I believe the issue lies in the for loop that I have used to webscrape the data. I know similar questions have been asked on this one, including here Pandas DataFrame created for each row and here Take multiple lists into dataframe but I have tried the solutions without any joy. I believe the webscrape loop adds a nuance that makes this more tricky.
Step by step walkthrough of my code and the output are below, for reference I have imported pandas as pd and bs4.
# Step 1 create a webscraper which takes three sets of data (price, bedrooms and bathrooms) from a website and populate into three separate lists
for container in containers:
try:
price_container=container.find("a",{"class":"listing-price text-price"})
price_strip=price_container.text.strip()
price_list=[]
price_list.append(price_strip)
except TypeError:
continue
try:
bedroom_container = container.find("span",{"class":"icon num-beds"})

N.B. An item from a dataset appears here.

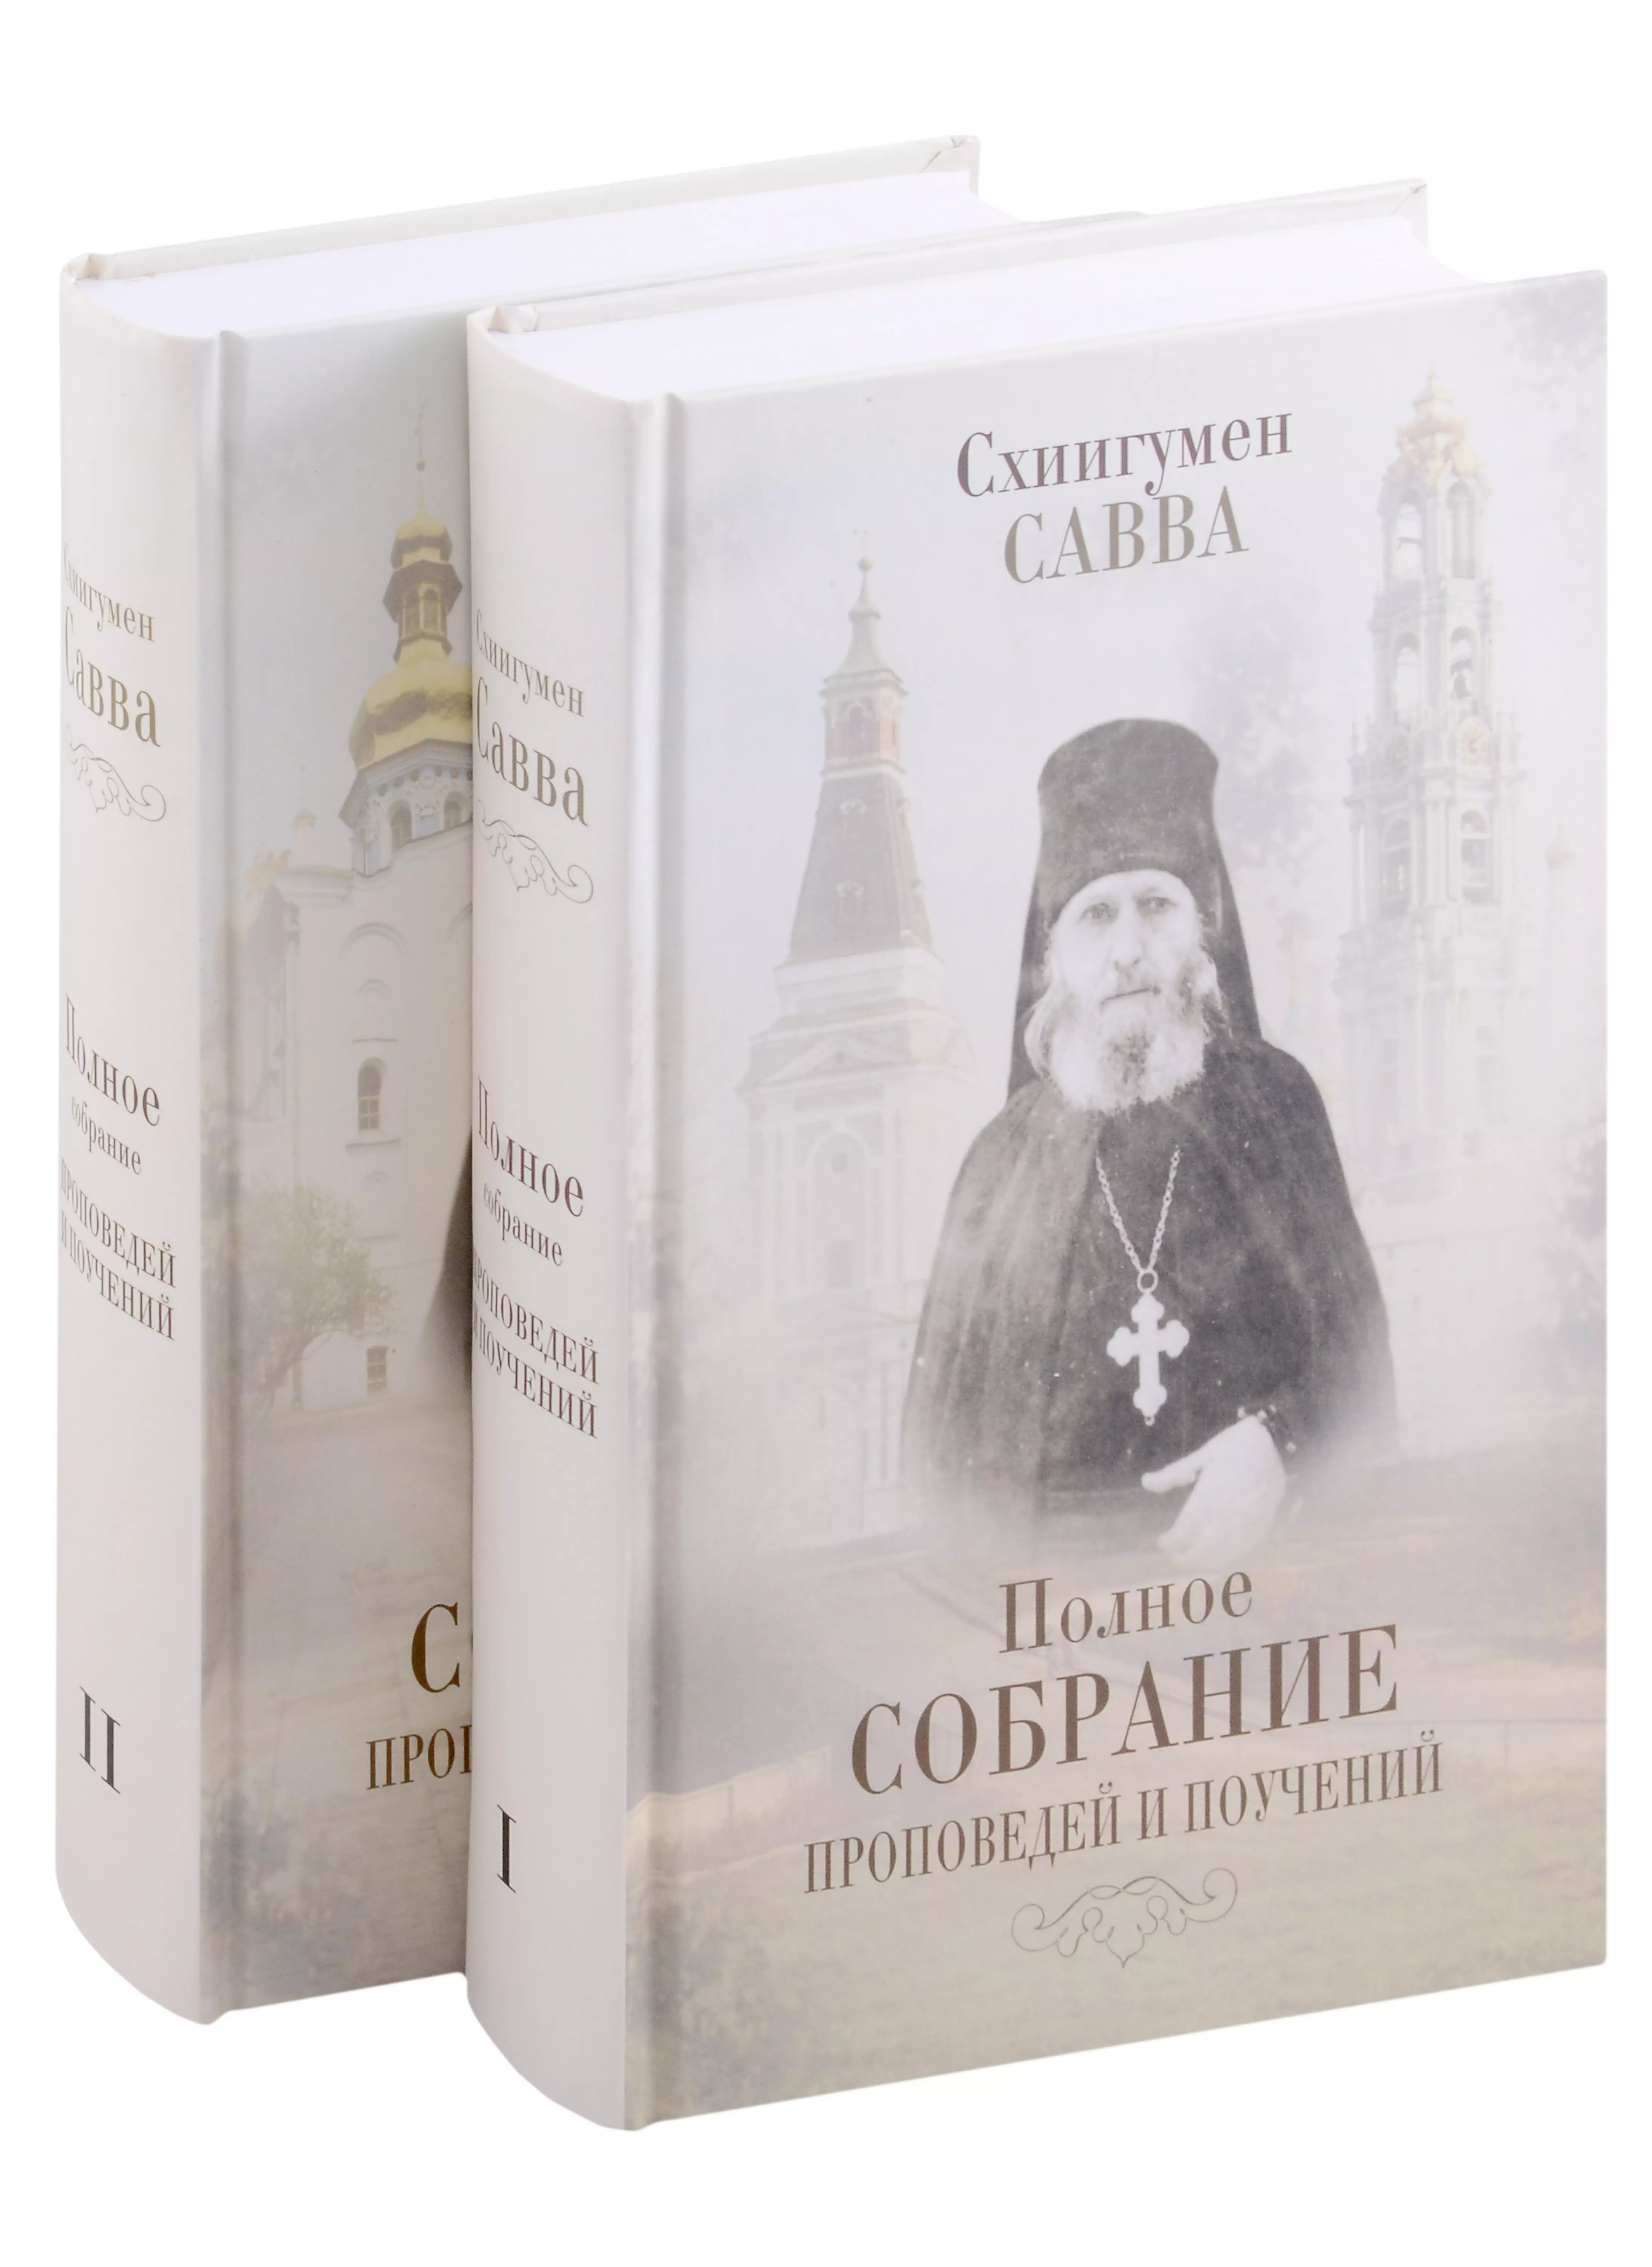 Остапенко Савва - Полное собрание проповедей и поучений (комплект из 2 книг)

bedroom_strip=(bedroom_container["title"])
bedroom_list=[]
bedroom_list.append(bedroom_strip)
except TypeError:
continue
try:
bathroom_container=container.find("span", {"class":"icon num-baths"})
bathroom_strip=(bathroom_container["title"])
bathroom_list=[]
bathroom_list.append(bathroom_strip)
except TypeError:
continue
# Step 2 create a dictionary
data = {'price':price_list, 'bedrooms':bedroom_list, 'bathrooms':bathrooms_list}
# Step 3 turn it into a pandas dataframe and print the output
d=pd.DataFrame(data)
print(d)
This gives me a dataframe for each dictionary as below.
price bedrooms bathrooms
0 £200,000 3 2
[1 rows x 3 columns]
price bedrooms bathrooms
0 £400,000 5 3
[1 rows x 3 columns]
prices bedrooms bathrooms
0 £900,000 6 4
[1 rows x 3 columns]
and so on.....
I've tried dictionary comprehension and list comprehension, to give me one dataframe rather than a dataframe for each dictionary item:
data = [({'price':price, 'bedrooms':bedrooms, 'bathrooms':bathrooms}) for item in container]
df = pd.DataFrame(data)
print(df)
and, despite how I do the list expression, this yields an even weirder output. It gives me a dataframe for each item in the dictionary with the same row of information repeated a number of times
price bedrooms bathrooms
0 £200,000 3 2
0 £200,000 3 2
0 £200,000 3 2
[3 rows x 3 columns]
price bedrooms bathrooms
0 £400,000 5 3
0 £400,000 5 3
0 £400,000 5 3
[3 rows x 3 columns]
price bedrooms bathrooms
0 £900,000 6 4
0 £900,000 6 4
0 £900,000 6 4
[1 rows x 3 columns]
and so on...
How do I resolve this problem and get all of my data into one pandas dataframe?